# Car Jack stand Location underneath 2011 TT roadster? I don't have the manual.



## LexusFPV (Feb 3, 2015)

Hi all,
can someone post image or tell me 'precise' location to put a Simple Car Jack Hydraulic Stand (from Walmart) under the car?
I'm trying to change brake pads one by one:thumbup:. 

I only have one simple Hydraulic jack stand so I have to do it wheel by wheel.
Are there notches underneath the chassis for location for the Jack stand?

Thank you


----------



## Brd.Prey (Oct 25, 2012)

The rear is the aluminum square with webbing in it about 3-4 inches in and 6" in front of rear wheel well. The front is way under where just behind the front wheel well. It has rubber plugs installed in the middle of a pad like area of exposed aluminum. It is like 10" straight in.


----------



## qtroCUB (Mar 22, 2005)

From here:
http://www.ttforum.co.uk/forum/viewtopic.php?f=19&t=215573

From the service guide:
Floor jack
Always use a suitable rubber or wooden block between the jack and the vehicle. A floor jack must be attached only at the mounting points depicted in the illustration.

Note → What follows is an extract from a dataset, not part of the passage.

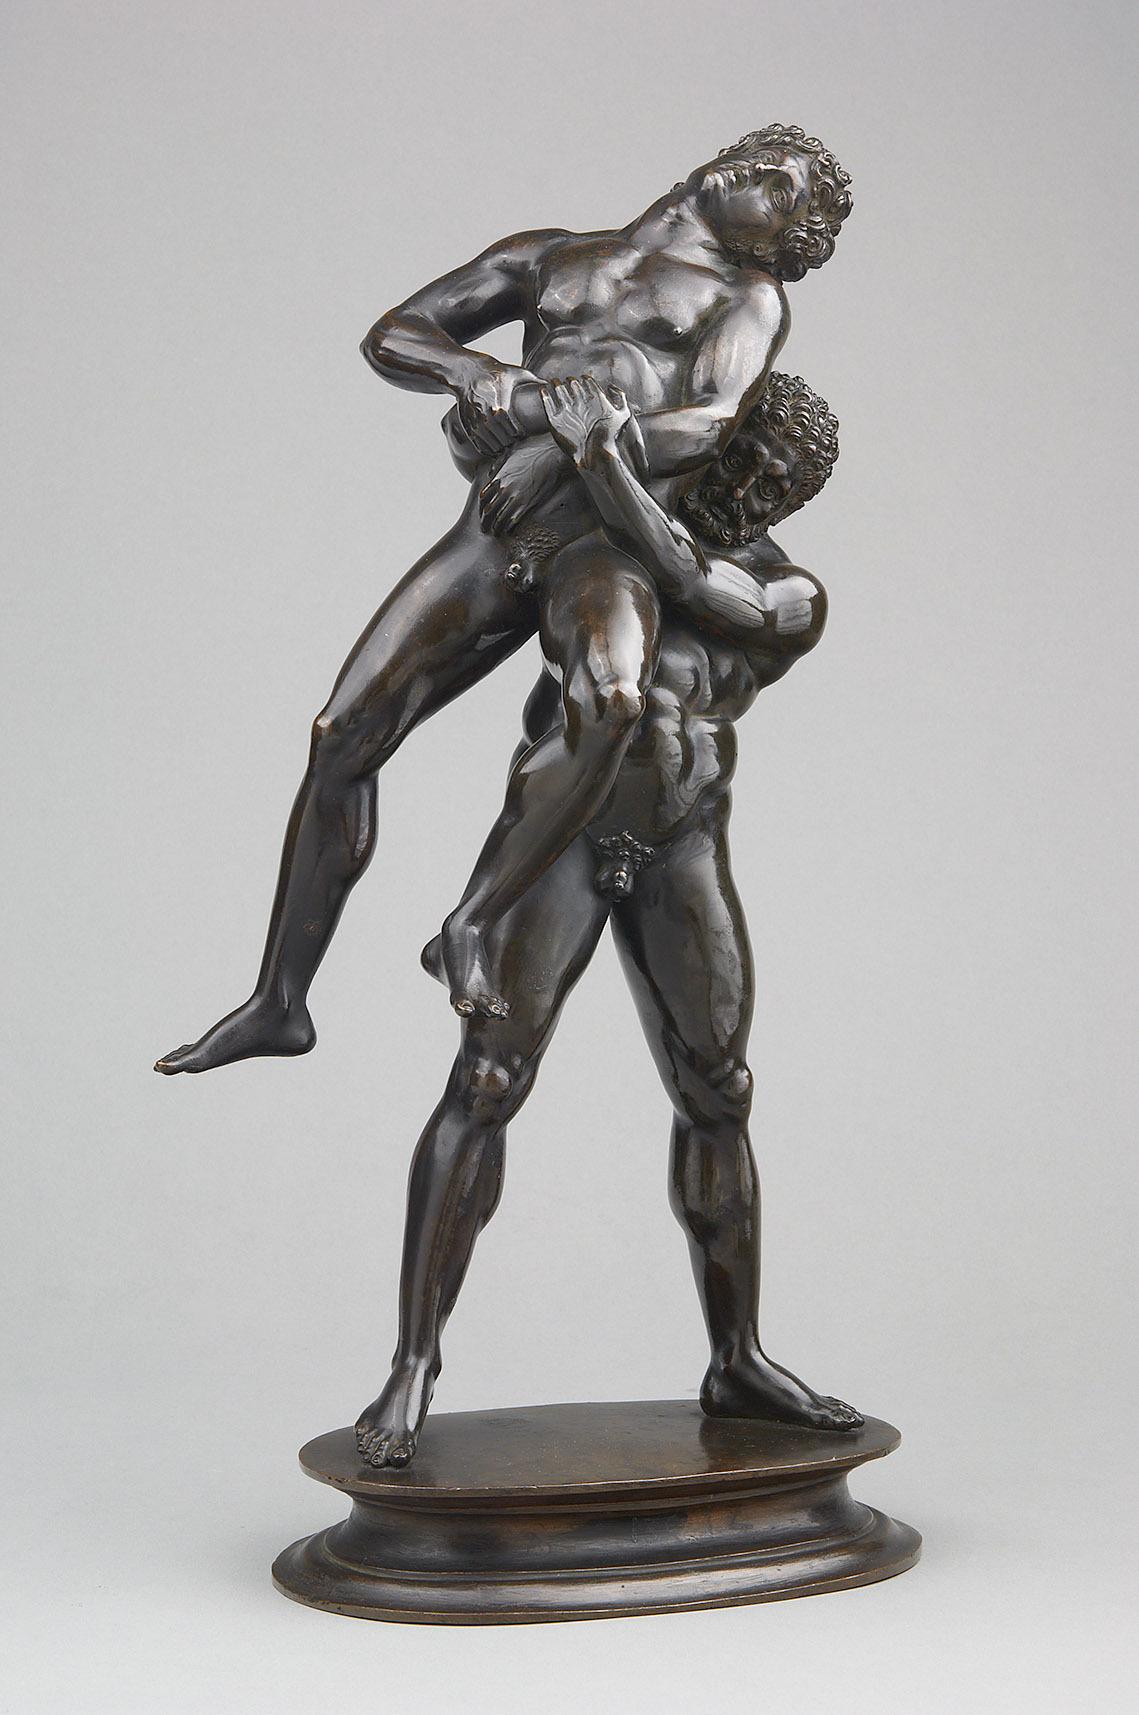 Herkules und Antäus von Pier Jacopo Alari de Bonacolsi, gen. Antico

Do not lift the vehicle at the engine oil pan, transmission, or on front or rear axles as serious damage may result.

Front Jacking Points (RED arrow shows the jacking point for the Standard Car Jack, the BLUE arrow shows the Trolly Jack Locating points).

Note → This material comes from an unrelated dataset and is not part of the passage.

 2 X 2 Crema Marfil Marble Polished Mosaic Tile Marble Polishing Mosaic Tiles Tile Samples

Rear Jacking Points (RED arrow shows the jacking point for the Standard Car Jack, the BLUE arrow shows the Trolly Jack Locating points).


----------



## ZPrime (Mar 7, 2006)

*FV-QR*

If you lift the car up by one of these points with a floor jack, where are you supposed to put a jack stand (assuming you want to get it up on 4 stands to do work on all corners or whatnot)?


----------



## GaBoYnFla (Oct 2, 2005)

Need to see if you can find one of these? Someone made it for me...they made a lot of them and sold them to people here on the forum......


----------



## S5Cab (Aug 5, 2012)

Reverse Logic sells them. $34.99 each.

http://www.reverselogic.us/shop.html#!/Jack-Pad-Tool-for-Audi/p/23649507/category=4581222



GaBoYnFla said:


> Need to see if you can find one of these? Someone made it for me...they made a lot of them and sold them to people here on the forum......


----------



## ZPrime (Mar 7, 2006)

*FV-QR*

:thumbup: :thumbup:

Sweet. Jack from factory points and then place stands under where you guys have diagrammed. Much easier than the A5 Golf where you have to jack somewhere else along the framerail and hope you don't bend it... 

I have a set of the Torin jack stands with a standard top, any advice on what to use over them to protect the bottom of the car?


----------